Like a lot of great writers, Miller’s books blur into each other and an isolated passage in one could have come from any of them. His numerous stories are pieces of one transcendent tale: his attempt to make sense of a confounding world. For those of us who are just as confused but nowhere near as eloquent it is a great relief to find words capable of expressing both our bewilderment and our belief in a better way forward.
 “We must abandon the hard-fought trenches we have dug ourselves into and come out into the open, surrender our arms, our possessions, our rights as individuals, classes, nations, peoples. A billion men seeking peace cannot be enslaved. We have enslaved ourselves, by our own petty, circumscribed view of life.”
It’s hard to imagine the sensation of the undertow that pulled the human race into the second world war but I sometimes get the feeling I’m living in a time that is becoming so primitive that if I engage too closely with it I risk being sucked backwards – toward violence, toward anger and hate, toward the caveman – and every minute I spend on things like working a meaningless job to pay a pile of worthless bills is an obstruction, a hurdle to overcome that stands between me and reality.
“There is every reason to be sad at this moment: all the premonitions which I have had for ten years are coming true. This is one of the lowest moments in the history of the human race. There is no sign of hope on the horizon. The whole world is involved in slaughter and bloodshed.”
Murdered carcasses


“Such was Europe before the present debacle. Such is America to-day. And such will it be to-morrow when the smoke has cleared away. And as long as human beings can sit and watch with hands folded while their fellow men are tortured and butchered so long will civilization be a hollow mockery, a wordy phantom suspended like a mirage above a swelling sea of murdered carcasses.”

“The present way of life, which is America’s, is doomed as surely as is that of Europe. No nation on earth can possibly give birth to a new order of life until a world view is established. We have learned through bitter mistakes that all the peoples of the earth are vitally connected, but we have not made use of that knowledge in an intelligent way.”
Henry Miller found something in Greece that he carried around with him everywhere he travelled, the way a lover carries his yearning. The war that was roiling the world as he wrote Collussus came to an end as all wars do. If the vision of Miller, and the others who share his dream, is ever realized, one fortunate generation will see the end not of a war but of war.
“No people in the world are as in need of what Greece has to offer as the American people. Greece is not merely the antithesis of America, but more, the solution to the ills which plague us. Economically it may seem unimportant, but spiritually Greece is still the mother of nations, the fountainhead of wisdom and inspiration.”
 

Peace is not the opposite of war

“Peace is not the opposite of war any more than death is the opposite of life. The poverty of language, which is to say the poverty of man’s imagination or the poverty of his inner life, has created an ambivalence which is absolutely false. I am talking of course of the peace which passeth all understanding. There is no other kind. The peace which most of us know is merely a cessation of hostilities, a truce, an interregnum, a lull, a respite, which is negative. The peace of the heart is positive and invincible, demanding no conditions, requiring no protection. It just is. If it is a victory it is a peculiar one because it is based on surrender, a voluntary surrender, to be sure.”
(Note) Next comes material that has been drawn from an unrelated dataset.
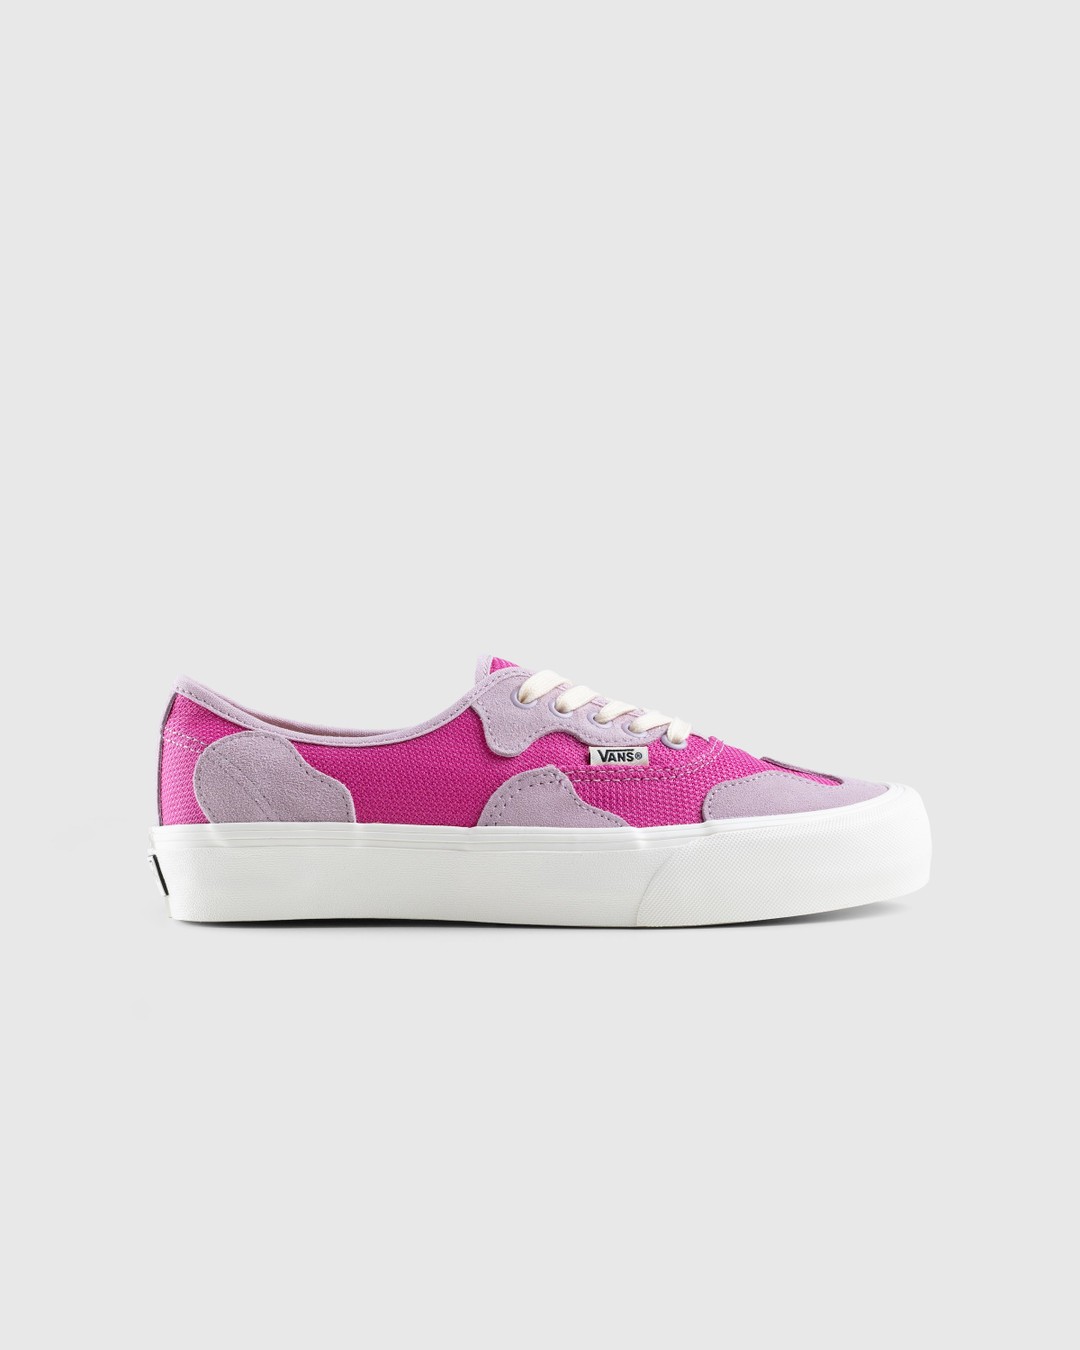 Vans – UA Authentic VR3 PW LX Pink - Sneakers - Pink - Image 1

“To be free, as I then knew myself to be, is to realize that all conquest is in vain, even the conquest of self, which is the last act of egotism. To be joyous is to carry the ego to its last summit and to delivery it triumphantly. To know peace is total: it is the moment after, when the surrender is complete, when there is no longer even the consciousness of surrender. Peace is at the center and when it is attained the voice issues forth in praise and benediction. Then the voice carries far and wide, to the outermost limits of the universe. Then it heals, because it brings light and the warmth of compassion.”